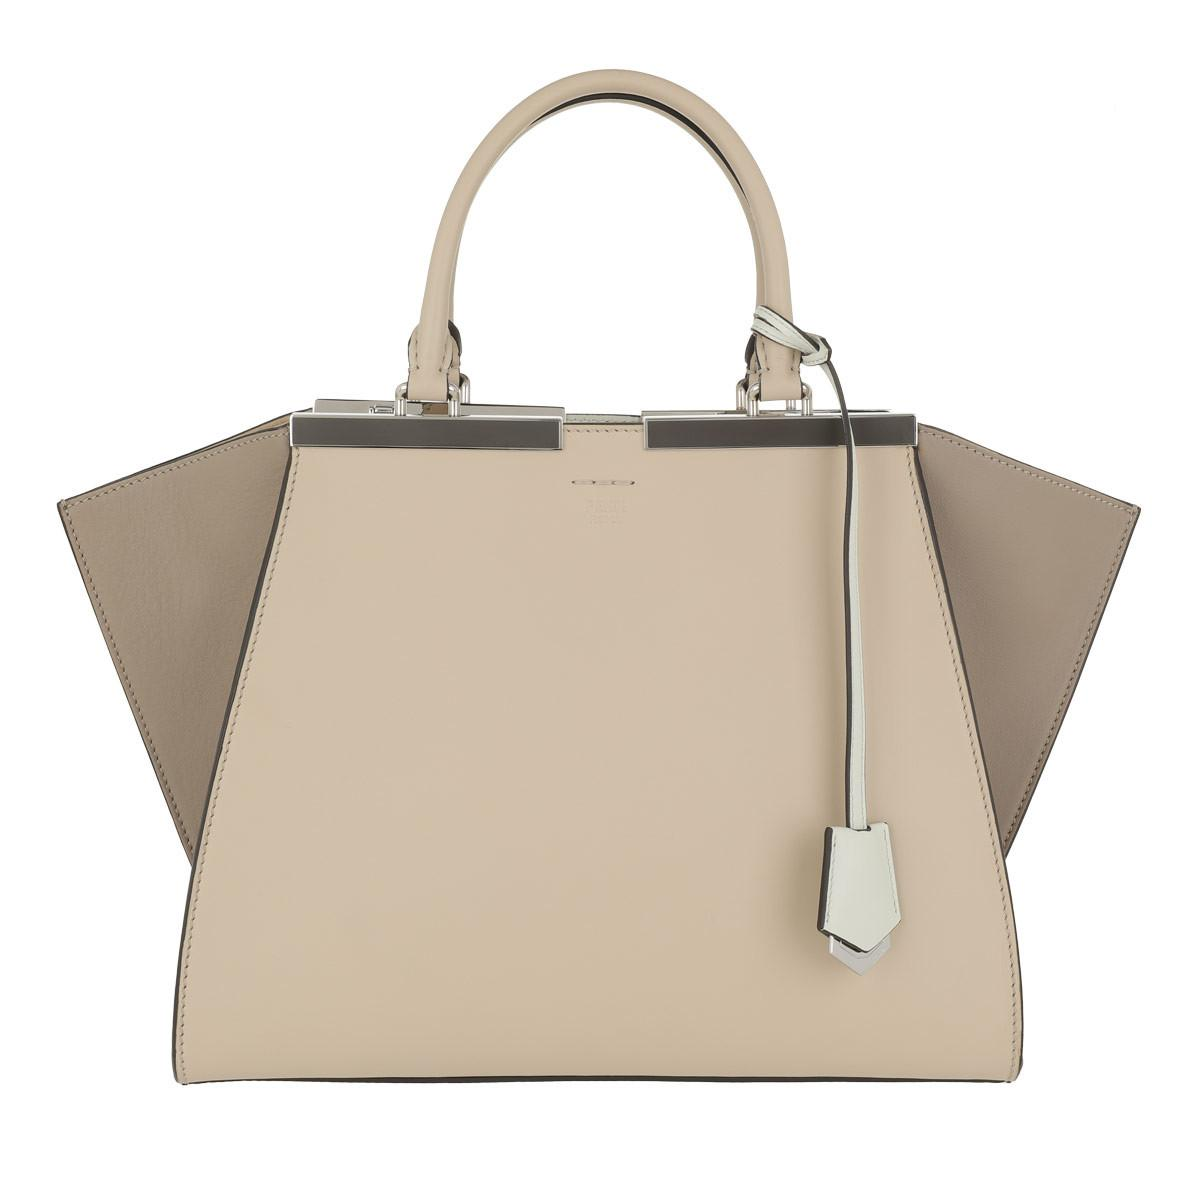 Fendi Calfskin 3jours Bag in Natural - Save 26.769230769230774% - Lyst af95533babc04
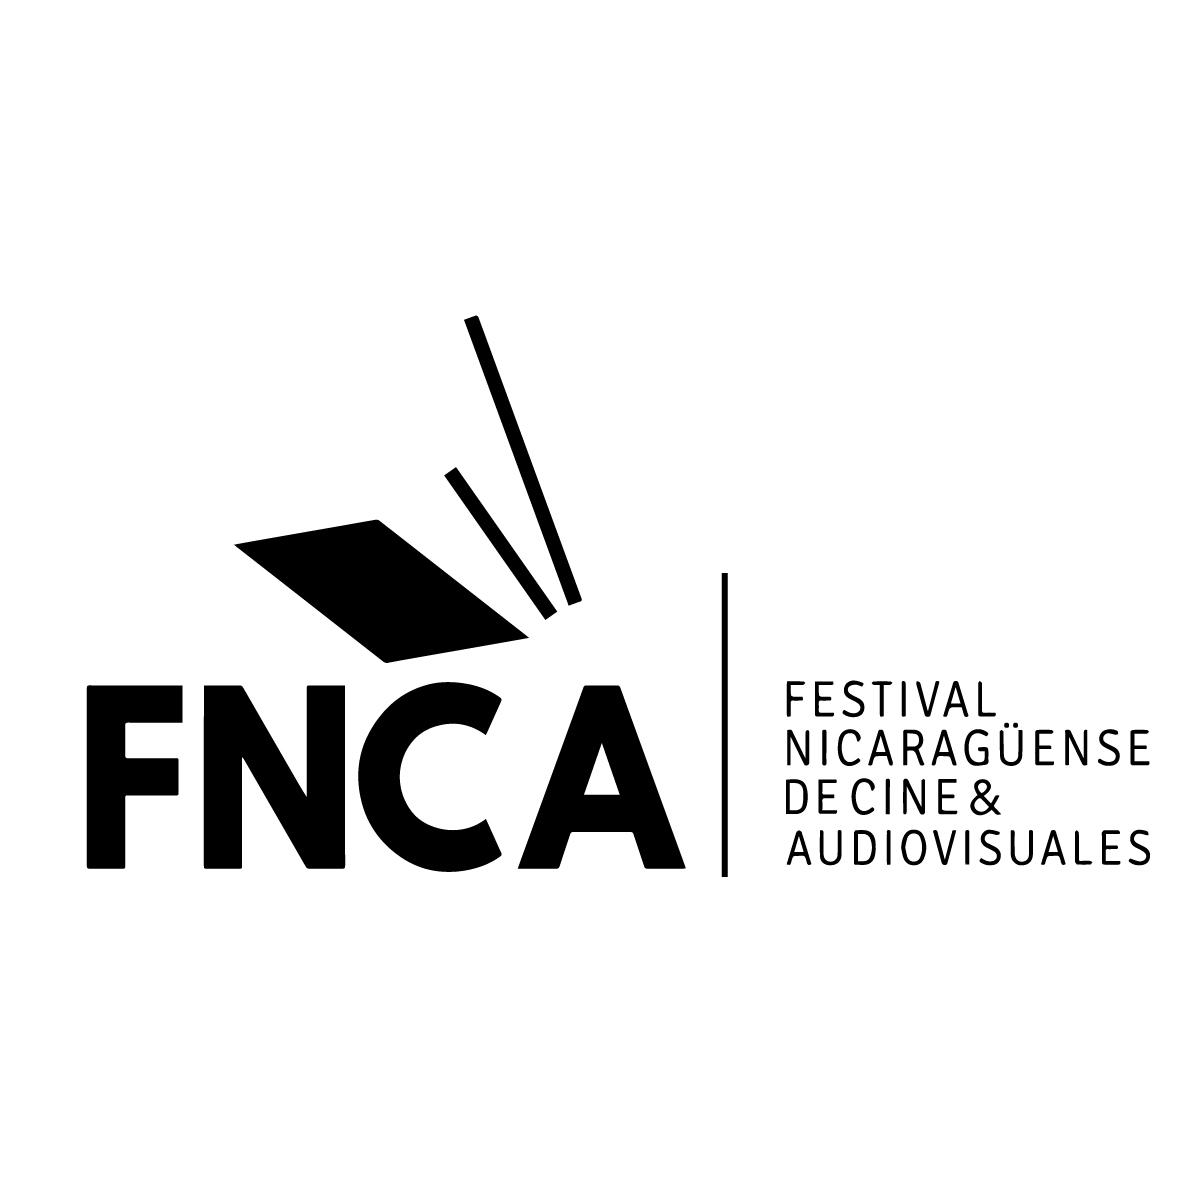 Festival nicaragüense de cine y de audiovisuales
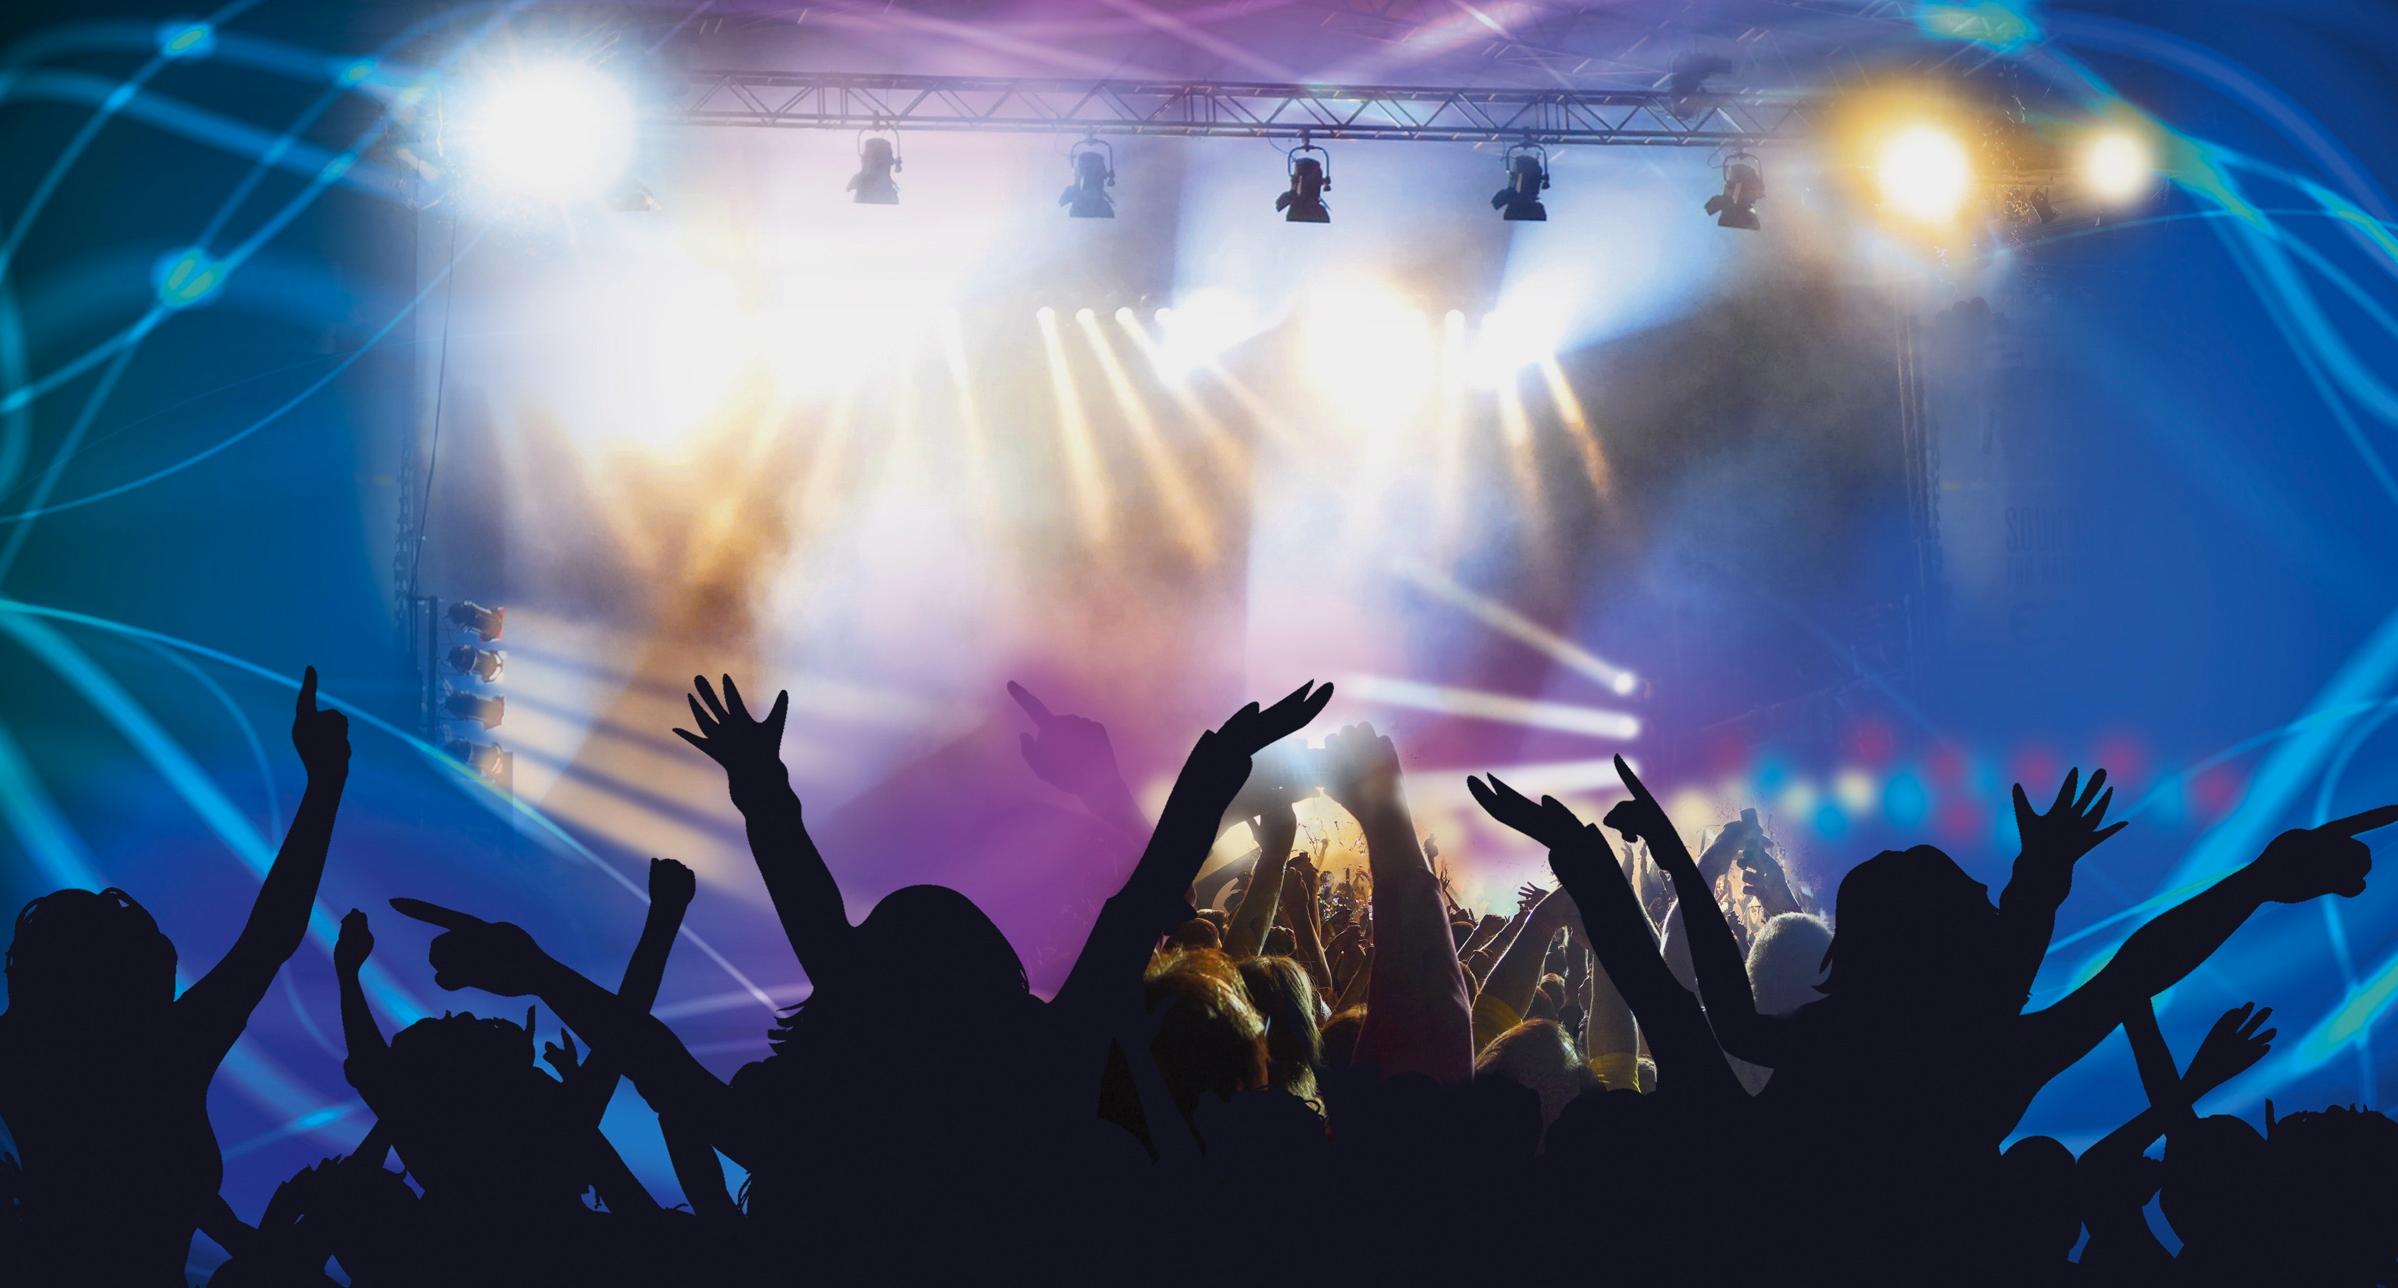 Monat-der-Musikfestivals.jpg
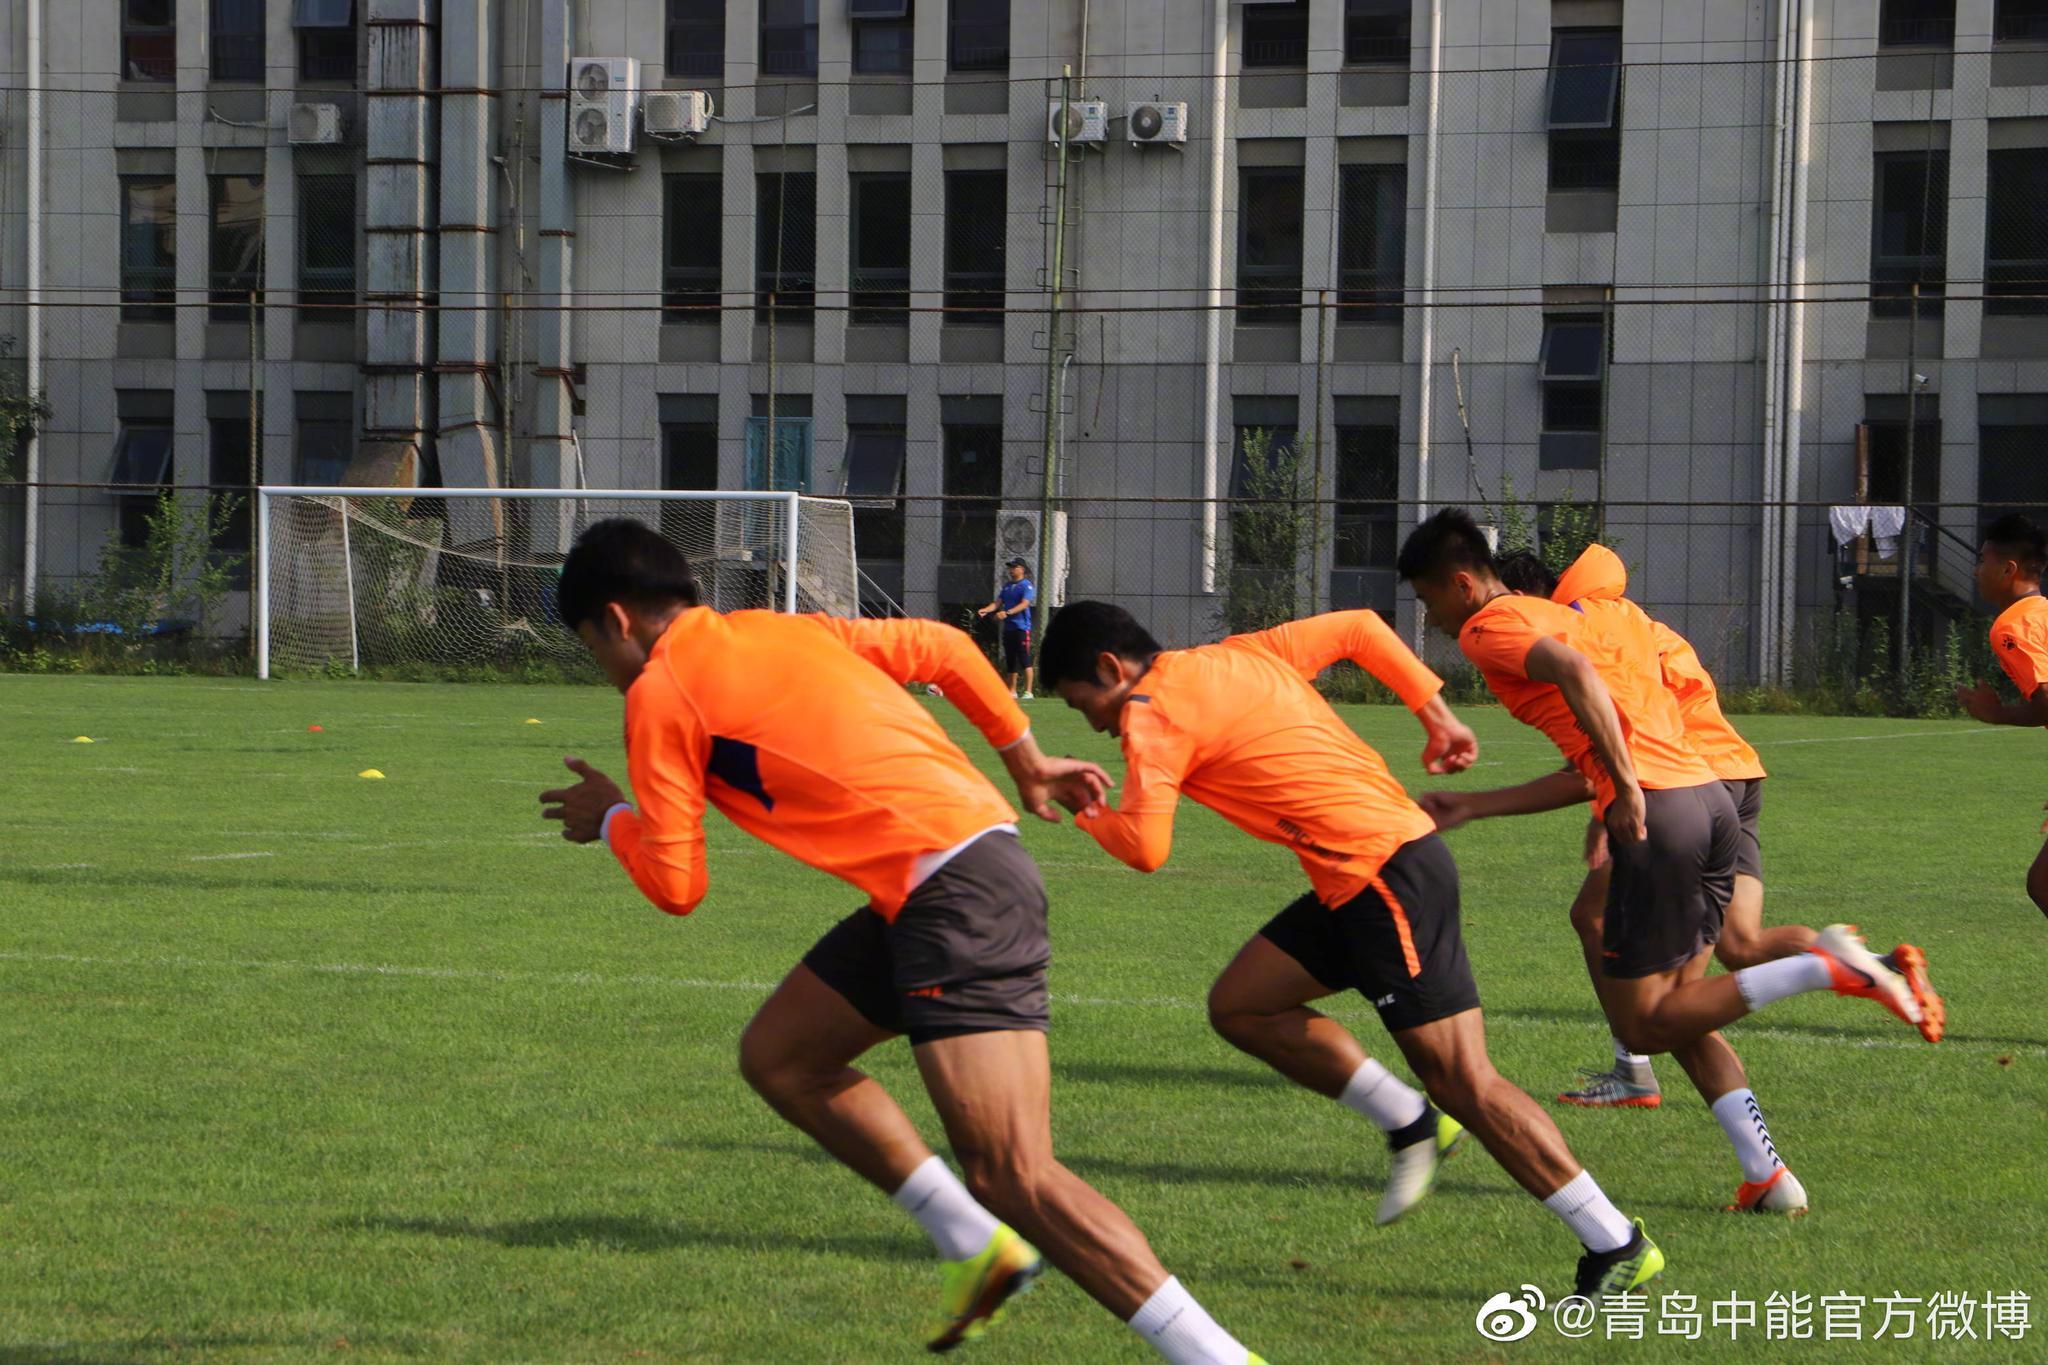 青岛中能足球俱乐部全体球员经过短暂的小假期后重新集结训练
* * *
__WHAT NEEDS TO BE DONE__: The whole listing above is to be printed again exactly; pictures stay out of it.

__FINAL ANSWER__:
 Fendi Calfskin 3jours Bag in Natural - Save 26.769230769230774% - Lyst af95533babc04
 Festival nicaragüense de cine y de audiovisuales
 Monat-der-Musikfestivals.jpg
 青岛中能足球俱乐部全体球员经过短暂的小假期后重新集结训练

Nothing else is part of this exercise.